▶ _Information shown_:
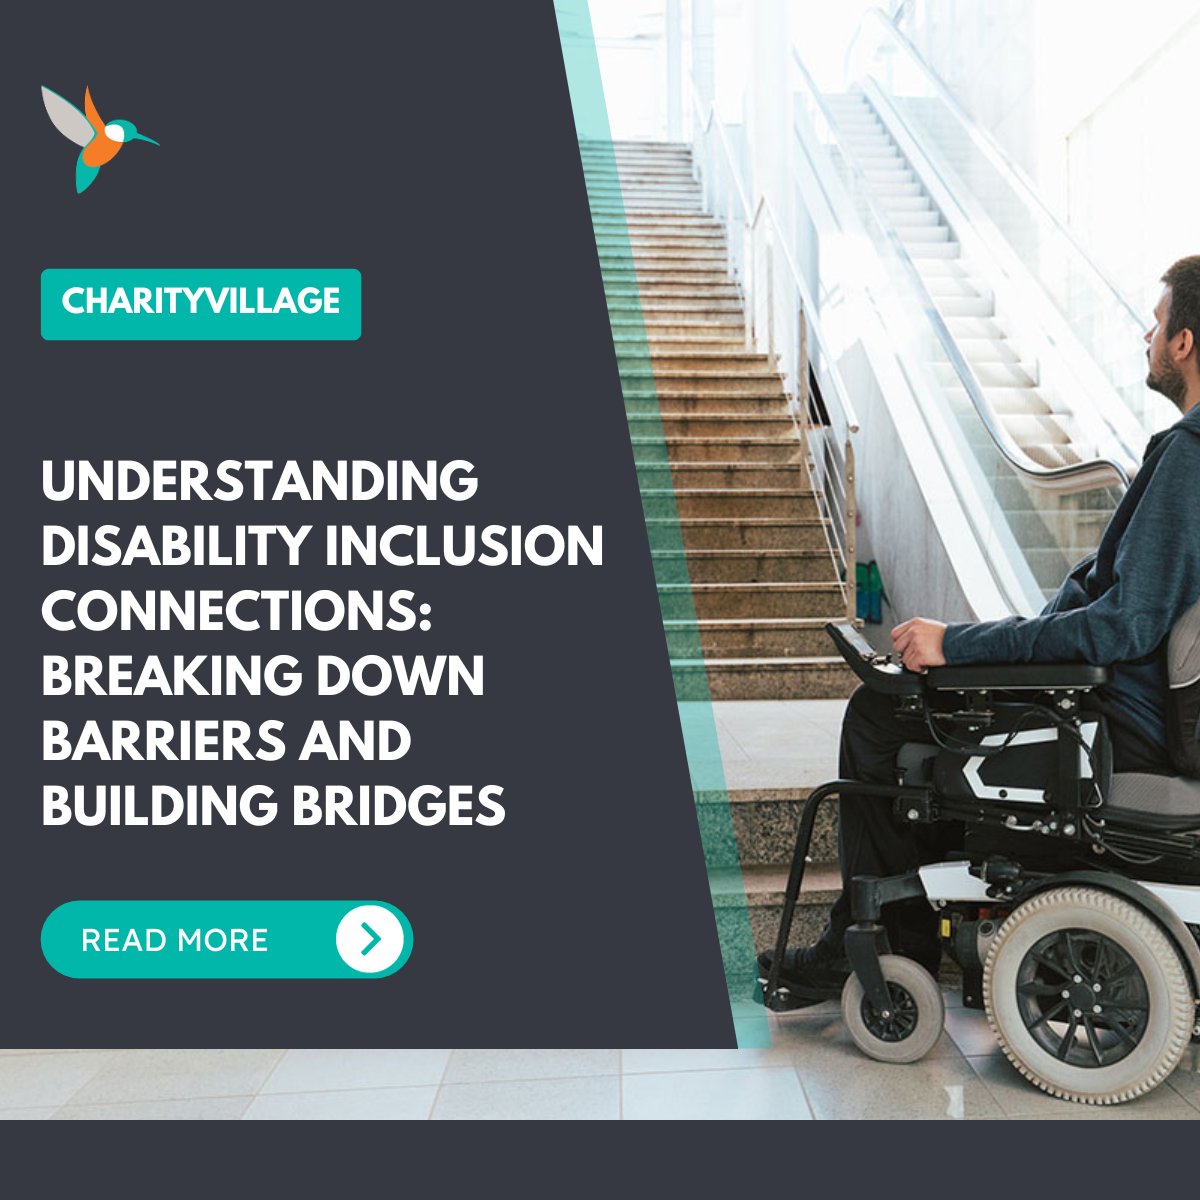 Disability #inclusion in business and employment is frequently being addressed in the #workplace. The disability factor is mainly rolled into over-arching talk about #IDEA, yet, too often, #disability is left out of the discussion. okt.to/jsYK0D
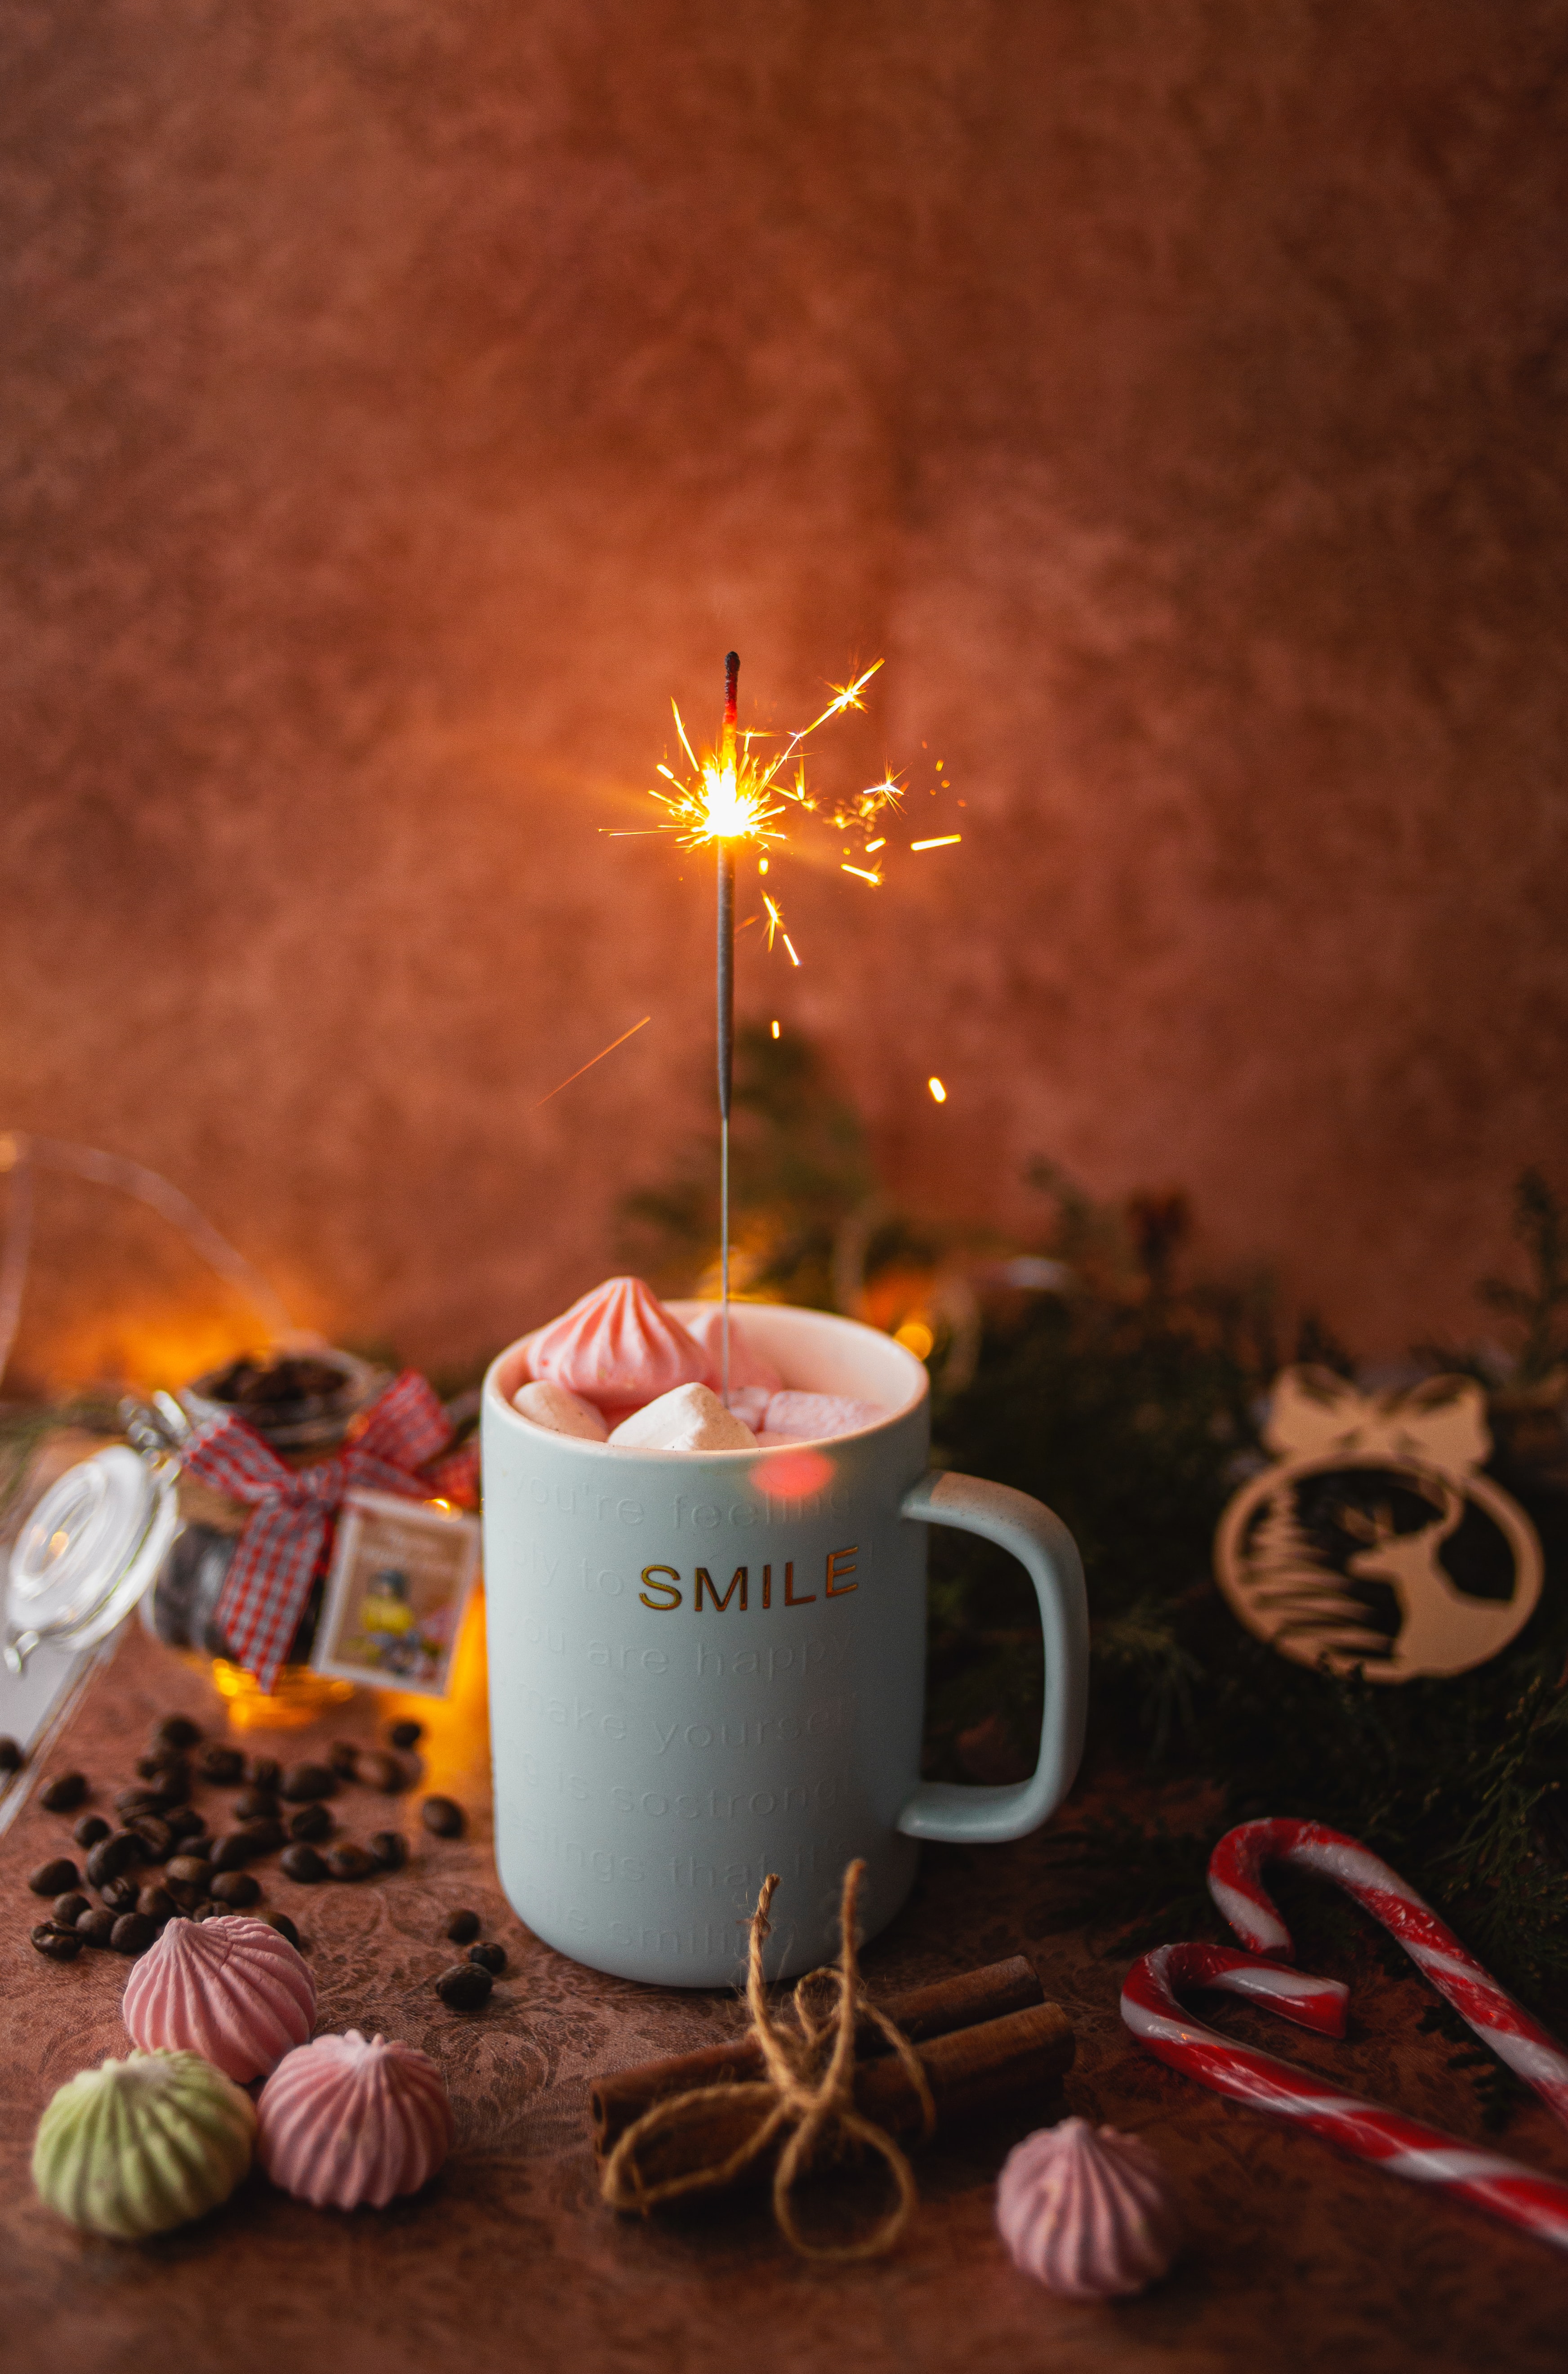 miscellanea, mug, holiday, sparks, cup, miscellaneous, marshmallow, bengal lights, sparklers, zephyr QHD
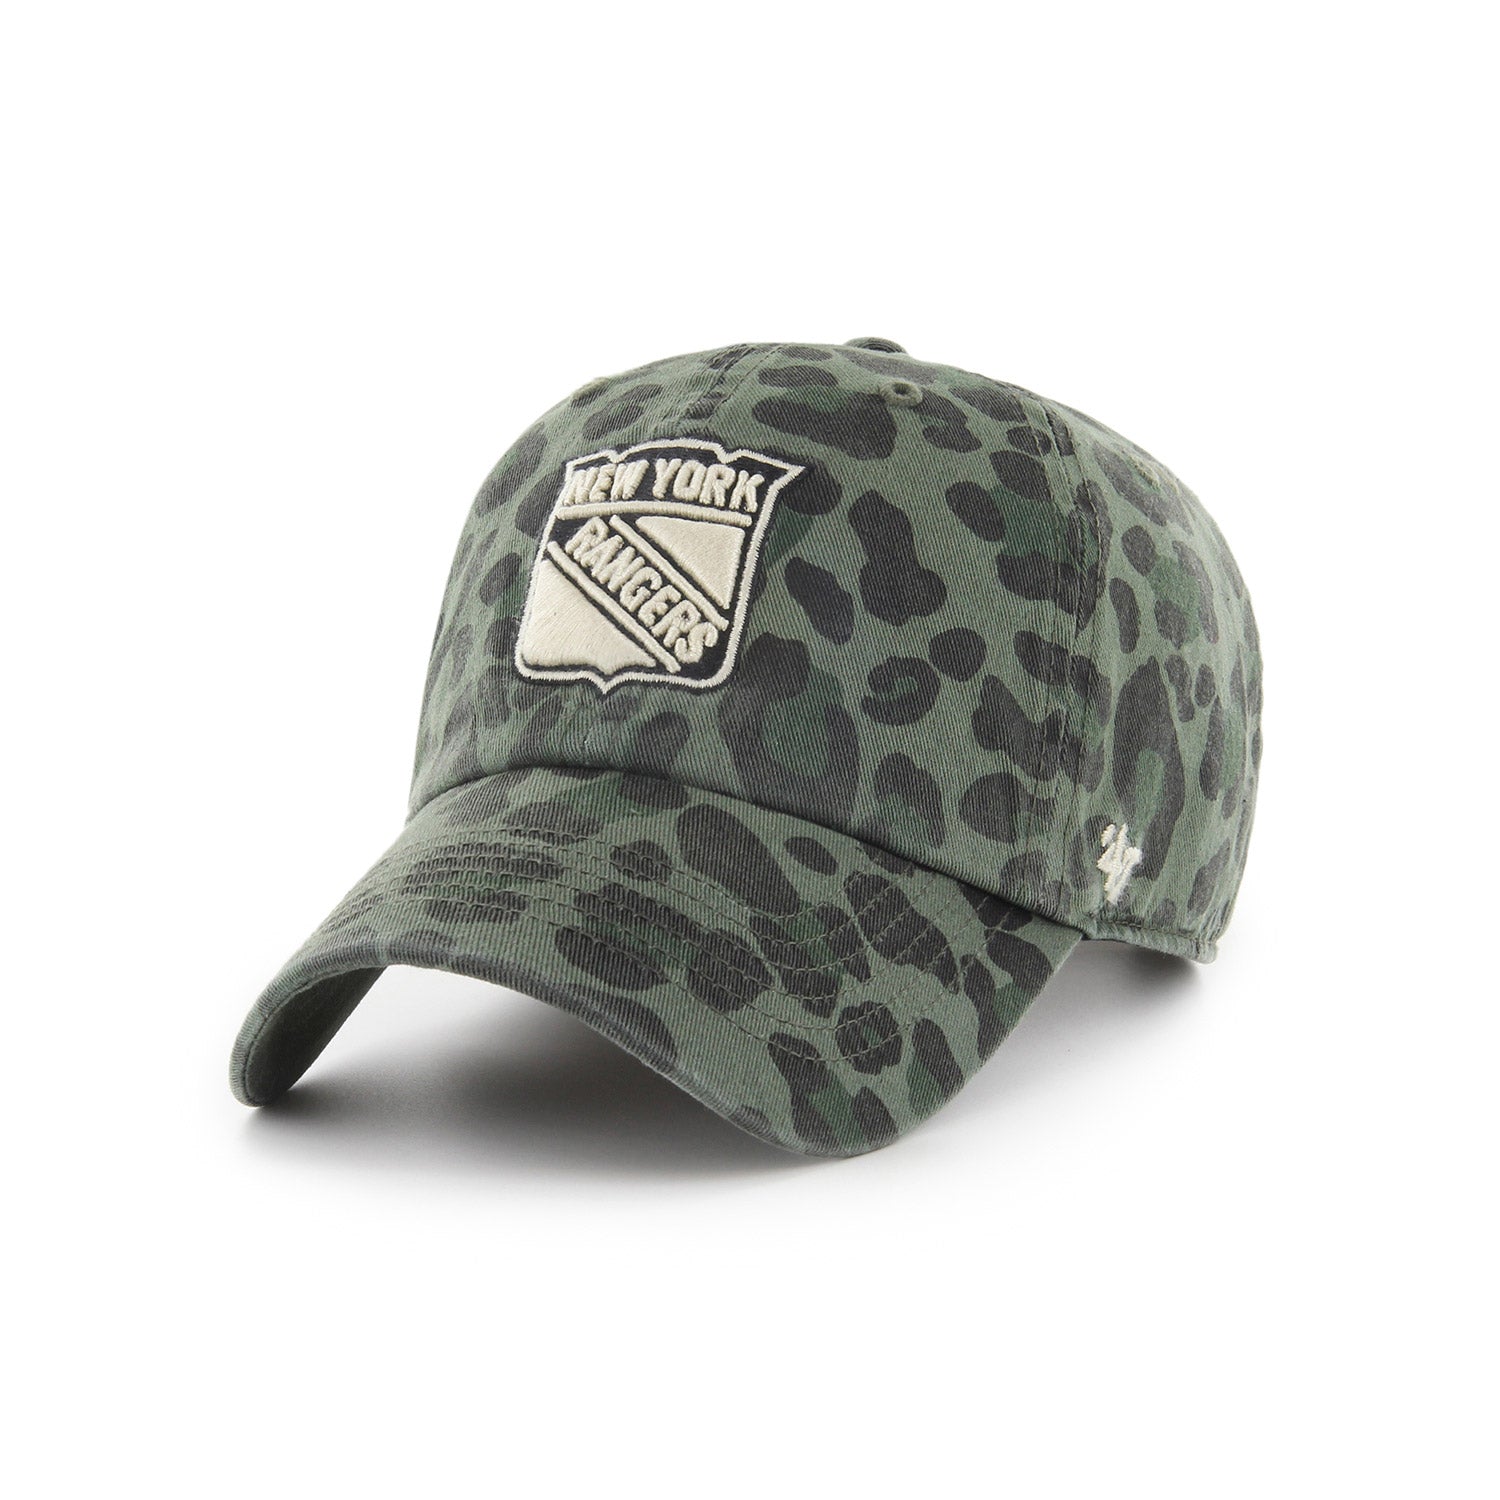 Women's '47 Brand Rangers Bagheera Camo Clean Up Hat In Green & Black - Angled Left Side View

▶ _Activity_: The job is to set down the whole listing exactly, excluding any images.

▶ _Completed exercise_:
 Disability #inclusion in business and employment is frequently being addressed in the #workplace. The disability factor is mainly rolled into over-arching talk about #IDEA, yet, too often, #disability is left out of the discussion. okt.to/jsYK0D
 miscellanea, mug, holiday, sparks, cup, miscellaneous, marshmallow, bengal lights, sparklers, zephyr QHD
 Women's '47 Brand Rangers Bagheera Camo Clean Up Hat In Green & Black - Angled Left Side View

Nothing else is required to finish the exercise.